_Exercise objective_: The whole listing needs to be written out exactly, except for any images.
═══ Stored data
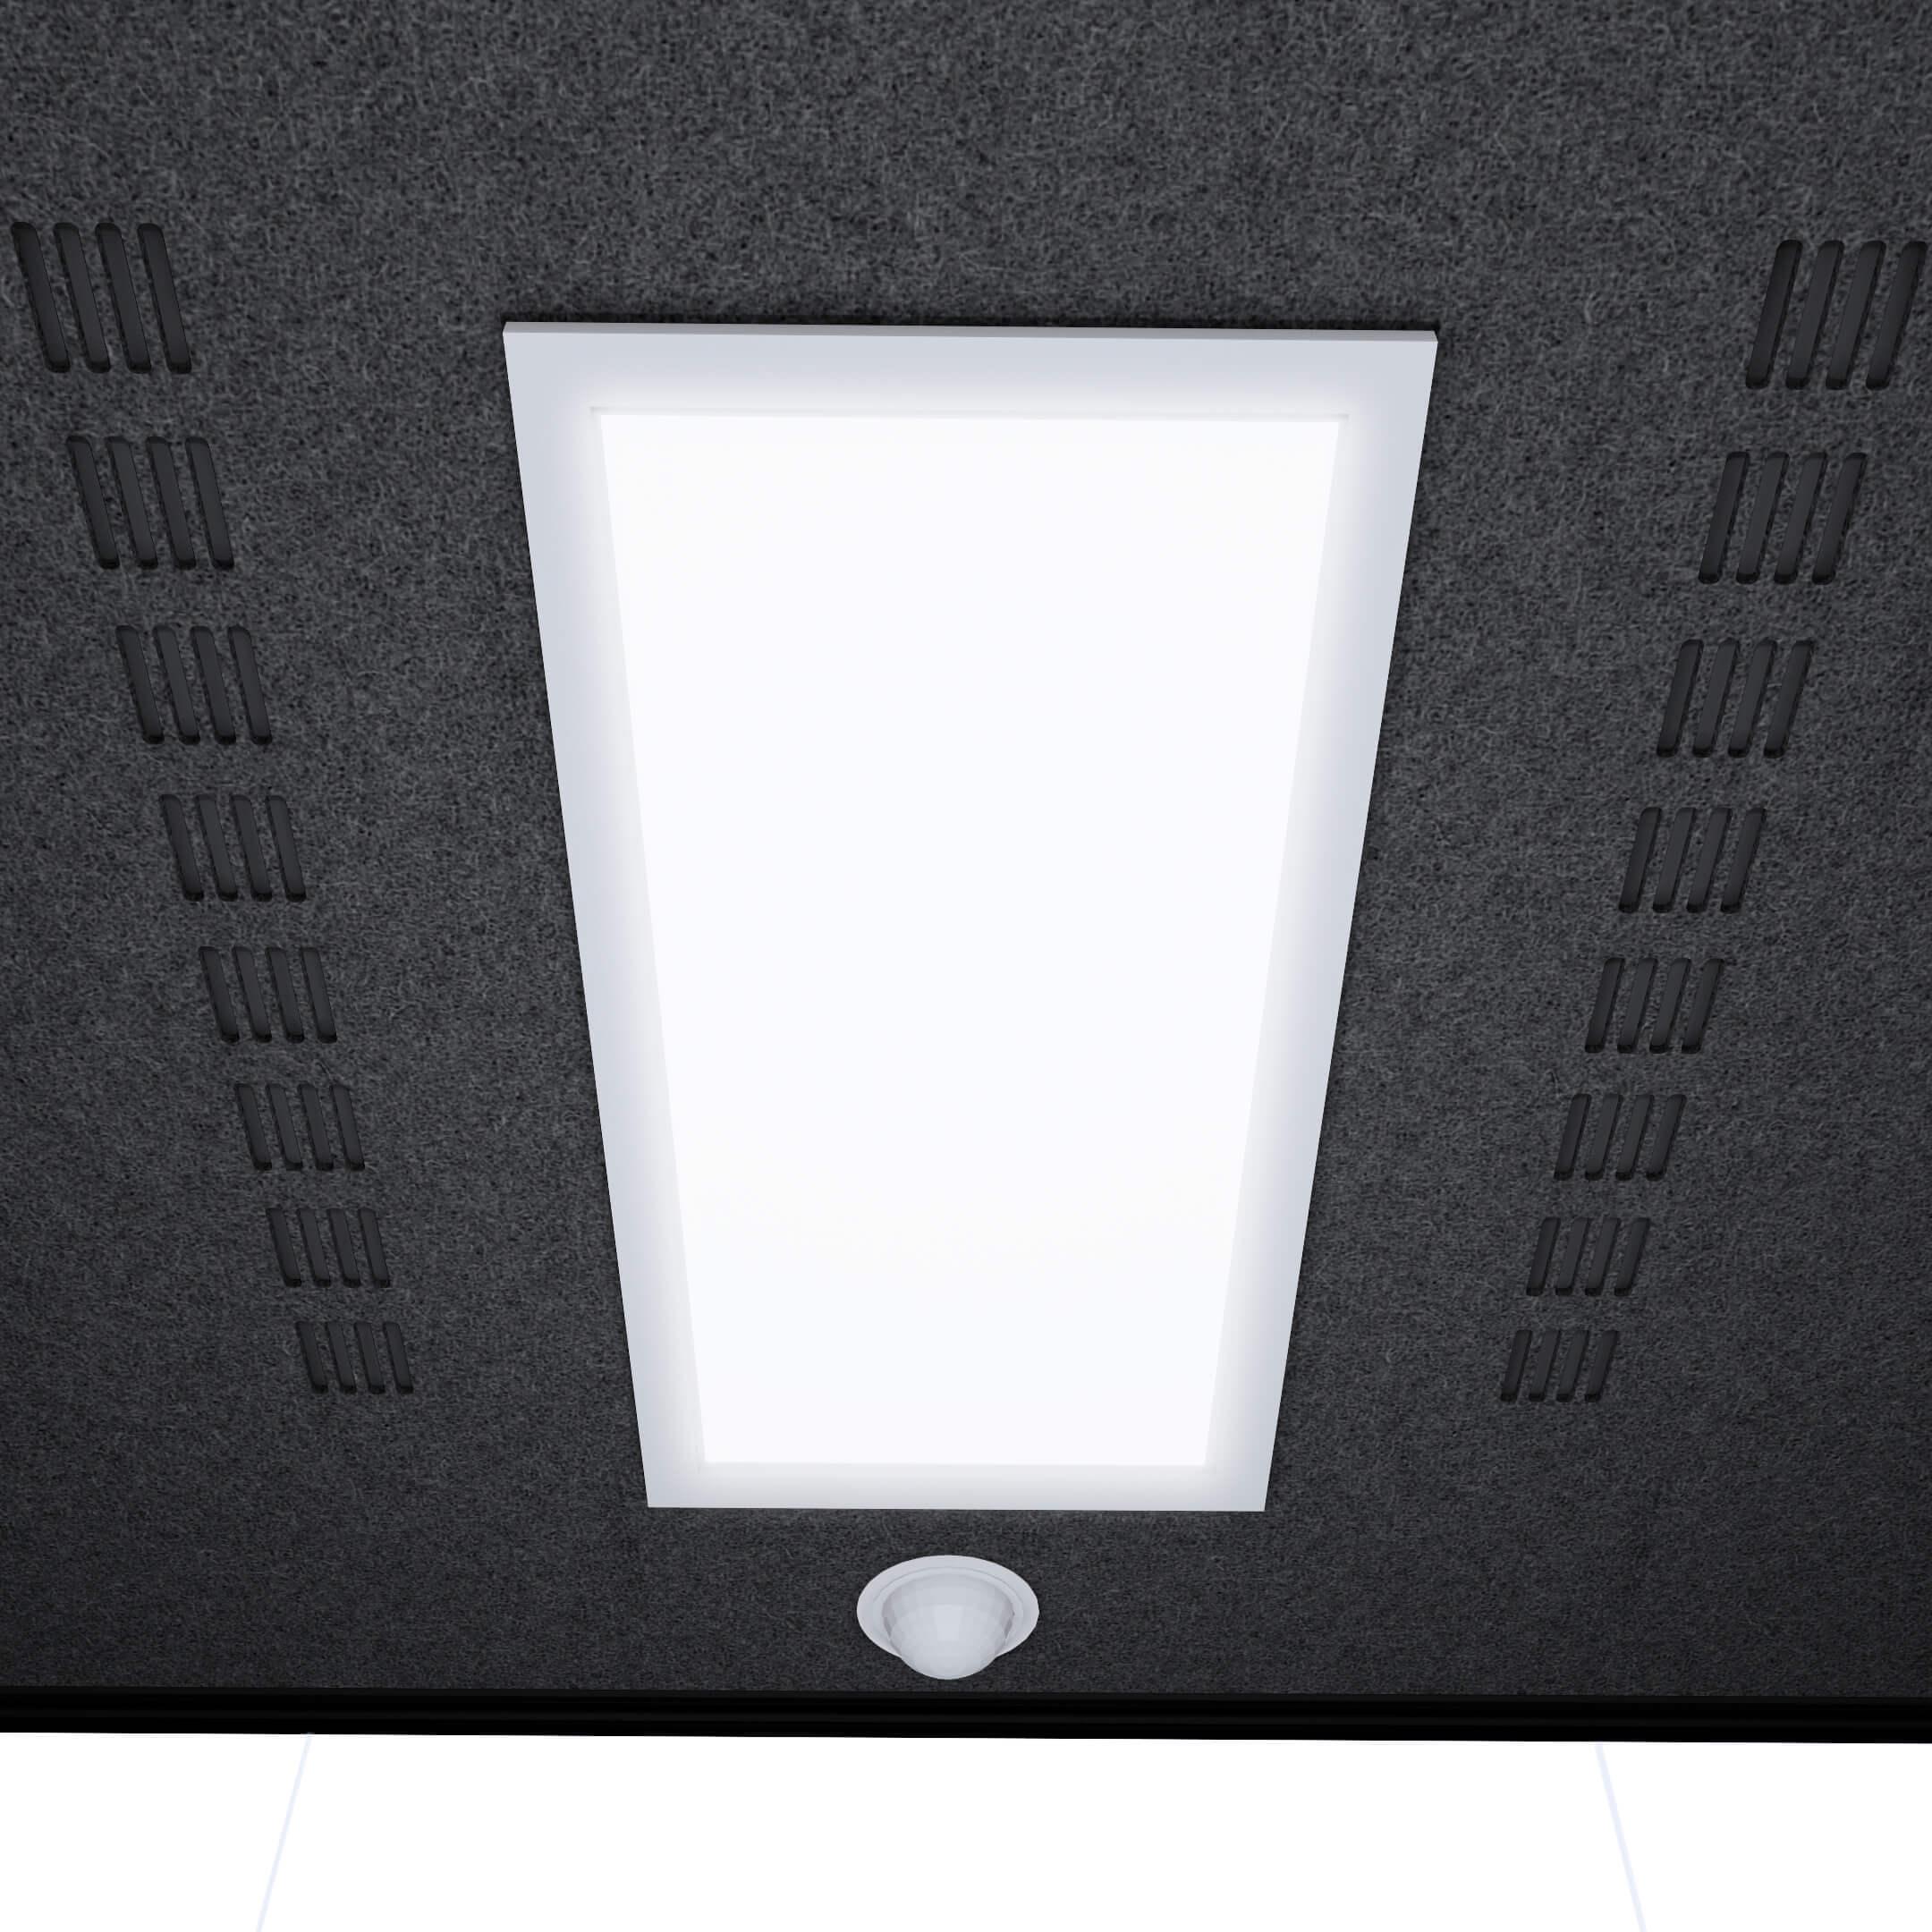 CHATBOX QUATTRO-LIGHT AND MOTION SENSOR
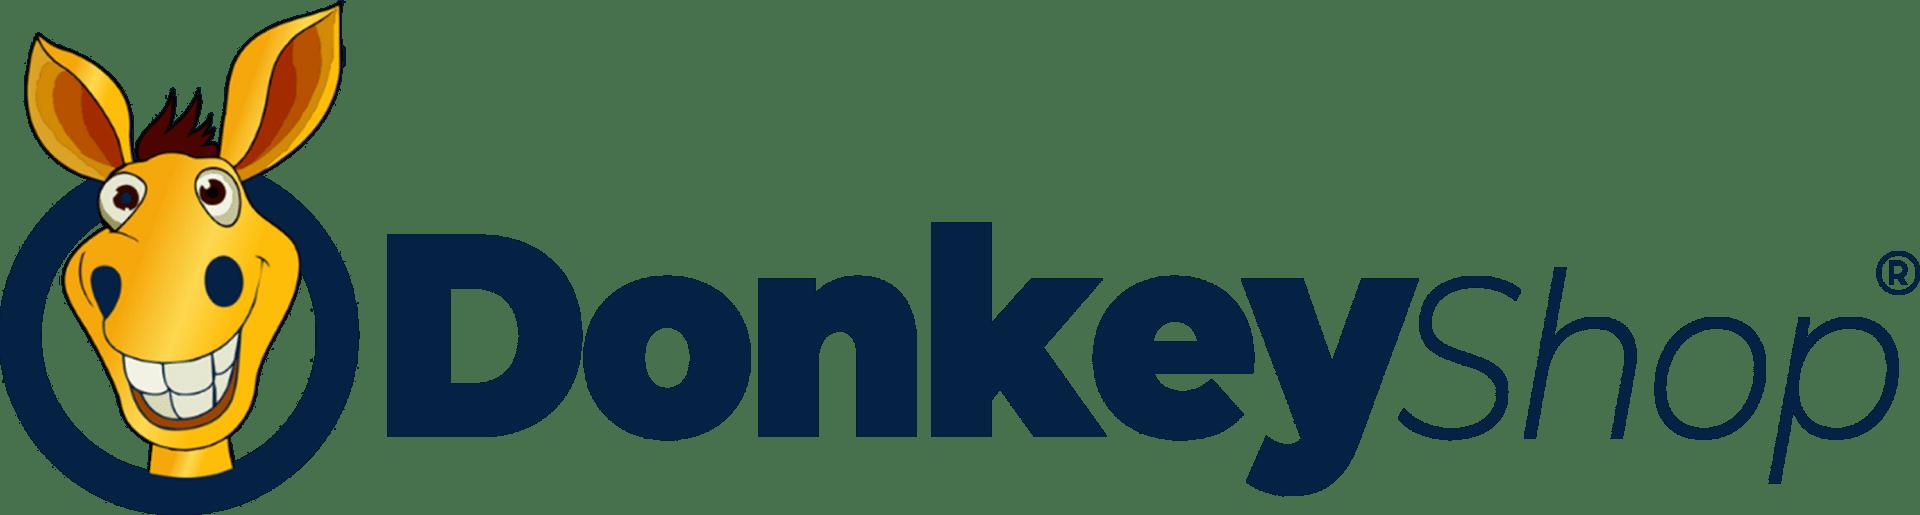 Donkeyshop
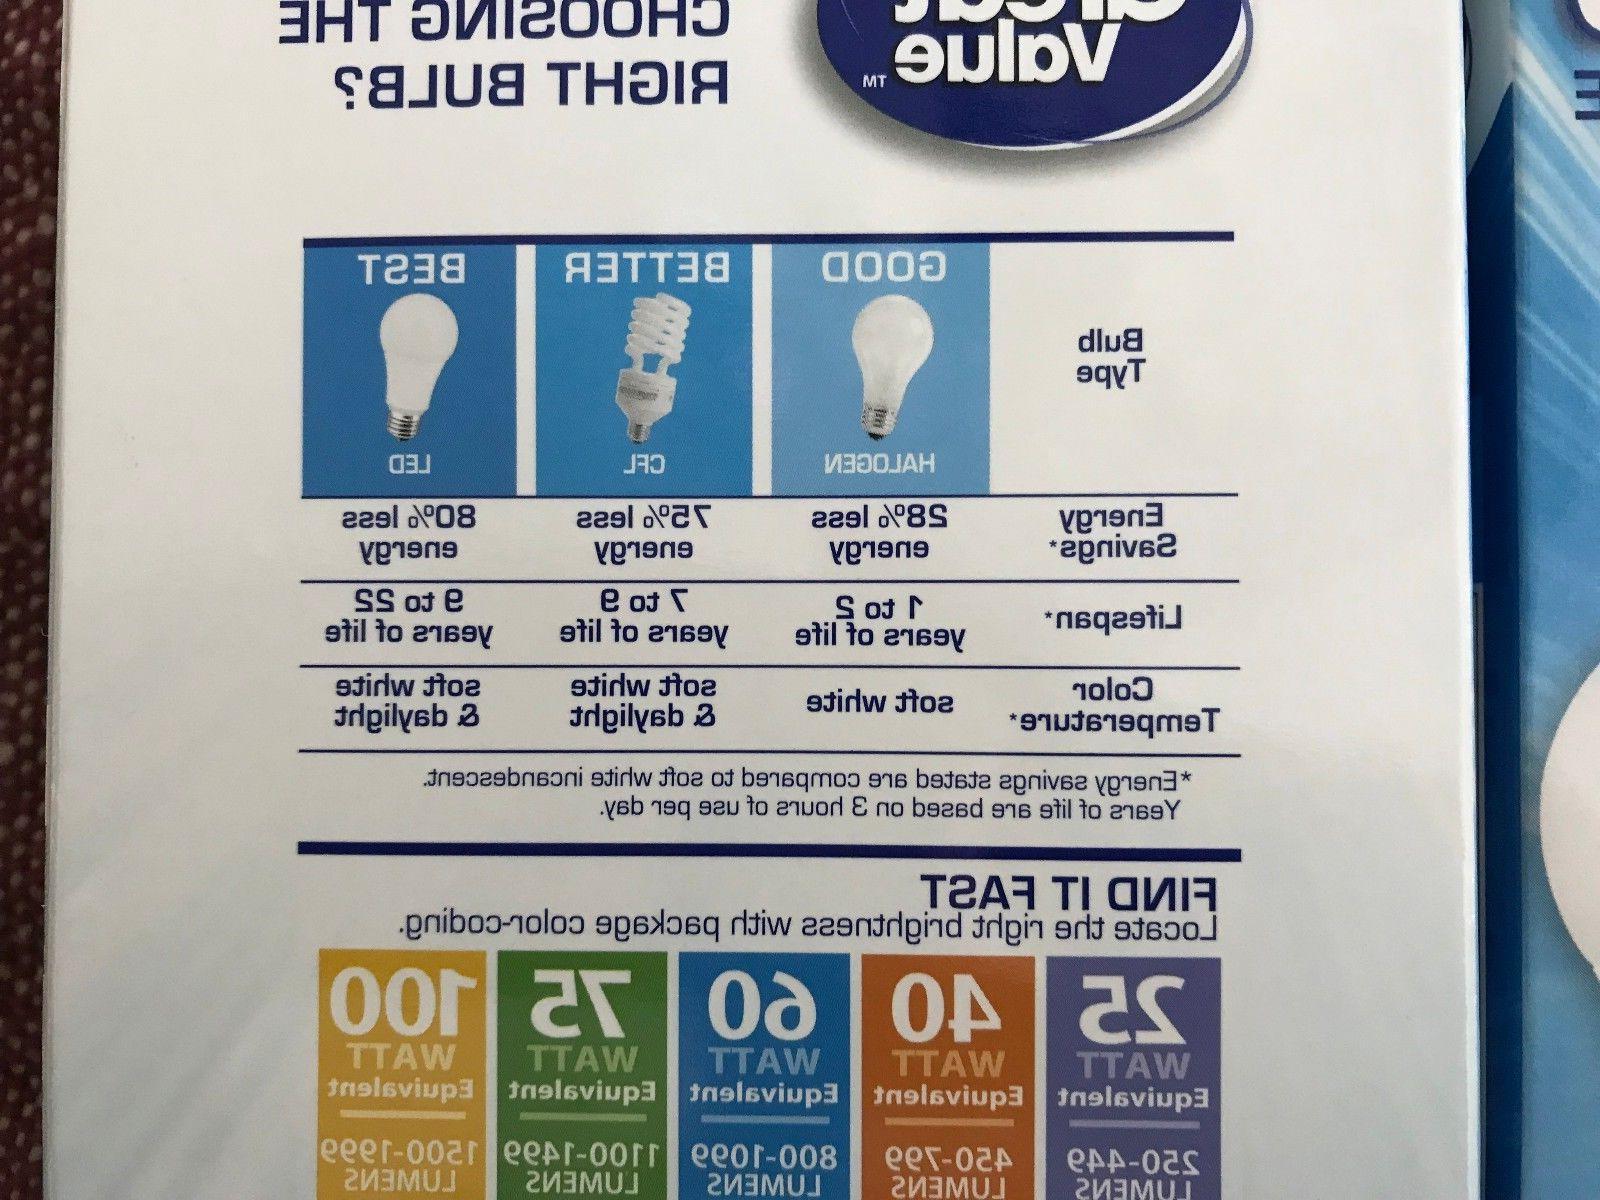 12 = Watt Equivalent A19 E26 bulb
══════
_Task answer_:
 CHATBOX QUATTRO-LIGHT AND MOTION SENSOR
 Donkeyshop
 12 = Watt Equivalent A19 E26 bulb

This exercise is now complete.